Anche se non credo, se dovesse floppare ...


----------



## Sesfips (21 Agosto 2013)

Fabry_cekko ha scritto:


> per me è uguale...nel 2003 erano i più forti e hanno perso contro la Juve in Semifinale (dopo aver vinto l'andata a Madrid), nel 2009-2010 avevano speso 200 milioni e sono usciti agli ottavi...poi 3 anni di Mourinho e sono usciti sempre alle semifinali



E' vero. Resta il fatto, però, che quest'anno avranno in rosa il primo e il secondo acquisto più costoso della storia, un fatto mai successo. Per me, visto gli elementi che hanno in squadra, devono riuscire a fare il triplete.


----------



## Fabry_cekko (21 Agosto 2013)

Sesfips ha scritto:


> E' vero. Resta il fatto, però, che quest'anno avranno in rosa il primo e il secondo acquisto più costoso della storia, un fatto mai successo. Per me, visto gli elementi che hanno in squadra, devono riuscire a fare il triplete.


Il Bayern resta superiore...on Campionato continuo a vedere meglio il Barca...certo l'obiettivo è Champions e. Campionato


----------



## FiglioDelDioOdino (21 Agosto 2013)

204,5 miliardi di lire


----------



## Sesfips (21 Agosto 2013)

Fabry_cekko ha scritto:


> Il Bayern resta superiore...on Campionato continuo a vedere meglio il Barca...certo l'obiettivo è Champions e. Campionato



L'unica "scusante" può essere l'allenatore nuovo. Anche se io ce lo vedo molto bene Ancelotti al Real.


----------



## Tobi (21 Agosto 2013)

30 milioni all'anno da versare al tottenham per 4 anni.. vista cosi sembra piu equa come trattativa. 109 milioni sono tantissimi.. ma un conto è versarsi tutti in una volta in un momento di crisi.. un conto dilazionatamente


----------



## er piscio de gatto (21 Agosto 2013)

Vergognoso e disgustoso


----------



## prebozzio (21 Agosto 2013)

Tutti quei soldi peseranno come un macigno sulle spalle del giocatore.


----------



## admin (21 Agosto 2013)

Admin ha scritto:


> *Coentrao non rientra più nella trattativa, è saltato.

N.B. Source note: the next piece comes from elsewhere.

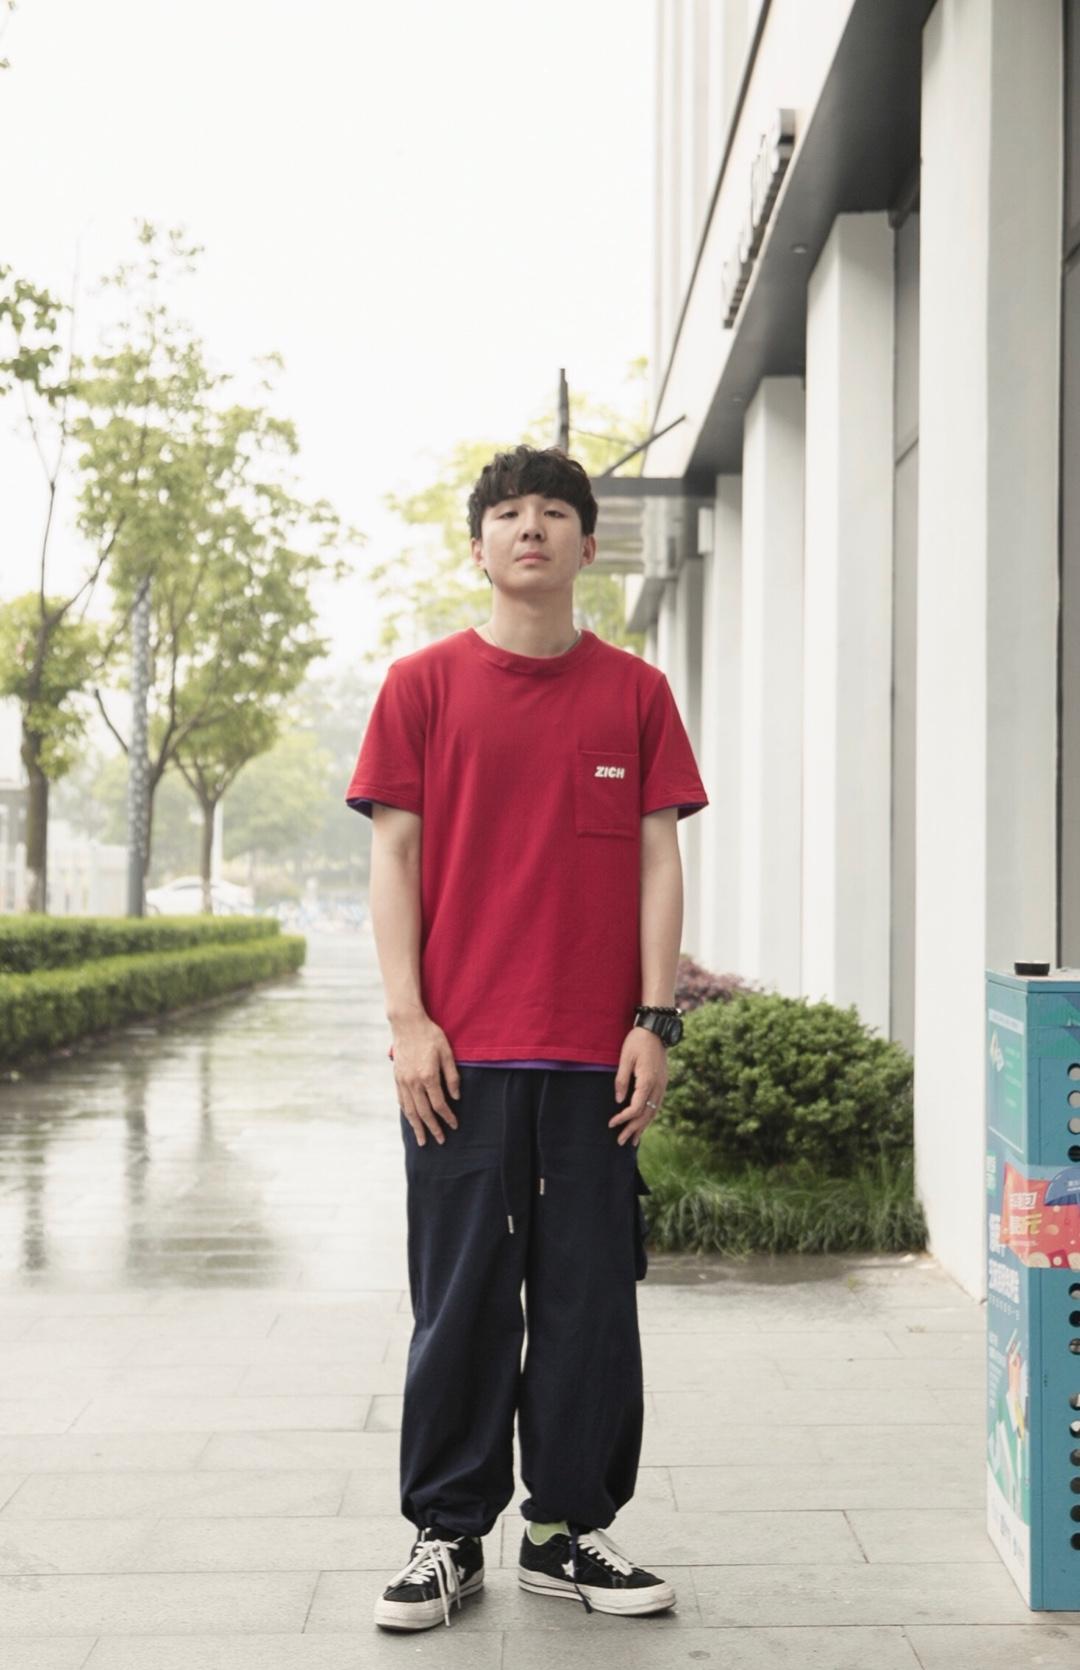 #毕业旅行穿搭,你还缺这套look!# 大红色的T恤上身非常显白,简单的印花让衣服看起来很适合男生,亮点是背后的印花,搭配藏青色的束腿裤,简直十分的帅气呀!

Il Real Madrid ha accettato di pagare tutti i 109 milioni di euro in 4 anni.*



.


----------



## Fabry_cekko (21 Agosto 2013)

Sesfips ha scritto:


> L'unica "scusante" può essere l'allenatore nuovo. Anche se io ce lo vedo molto bene Ancelotti al Real.



anch'io...è l'Allenatore giusto per il Real...molto meglio di Mourinho...quest'anno devono vincere o la Champions o il Campionato


----------



## Sesfips (21 Agosto 2013)

Fabry_cekko ha scritto:


> anch'io...è l'Allenatore giusto per il Real...molto meglio di Mourinho...quest'anno devono vincere o la Champions o il Campionato



Beh, con la squadra che si ritrova, se dovesse vincere solo il campionato, non dico sarebbe un stagione fallimentare, ma poco ci mancherebbe. IMHO, anche se è al suo primo anno, dovrebbe riuscire a vincere sia coppa sia campionato, visto che già ci è riuscito col Chelsea, può farlo tranquillamente a Madrid.
E comunque concordo sul fatto che per Mourinho la piazza di Madrid non era l'ideale, poichè lì ciò che conta non è l'allenatore in se ma il club stesso.


----------



## Fabry_cekko (21 Agosto 2013)

Sesfips ha scritto:


> Beh, con la squadra che si ritrova, se dovesse vincere solo il campionato, non dico sarebbe un stagione fallimentare, ma poco ci mancherebbe. IMHO, anche se è al suo primo anno, dovrebbe riuscire a vincere sia coppa sia campionato, visto che già ci è riuscito col Chelsea, può farlo tranquillamente a Madrid.
> E comunque concordo sul fatto che per Mourinho la piazza di Madrid non era l'ideale, poichè lì ciò che conta non è l'allenatore in se ma il club stesso.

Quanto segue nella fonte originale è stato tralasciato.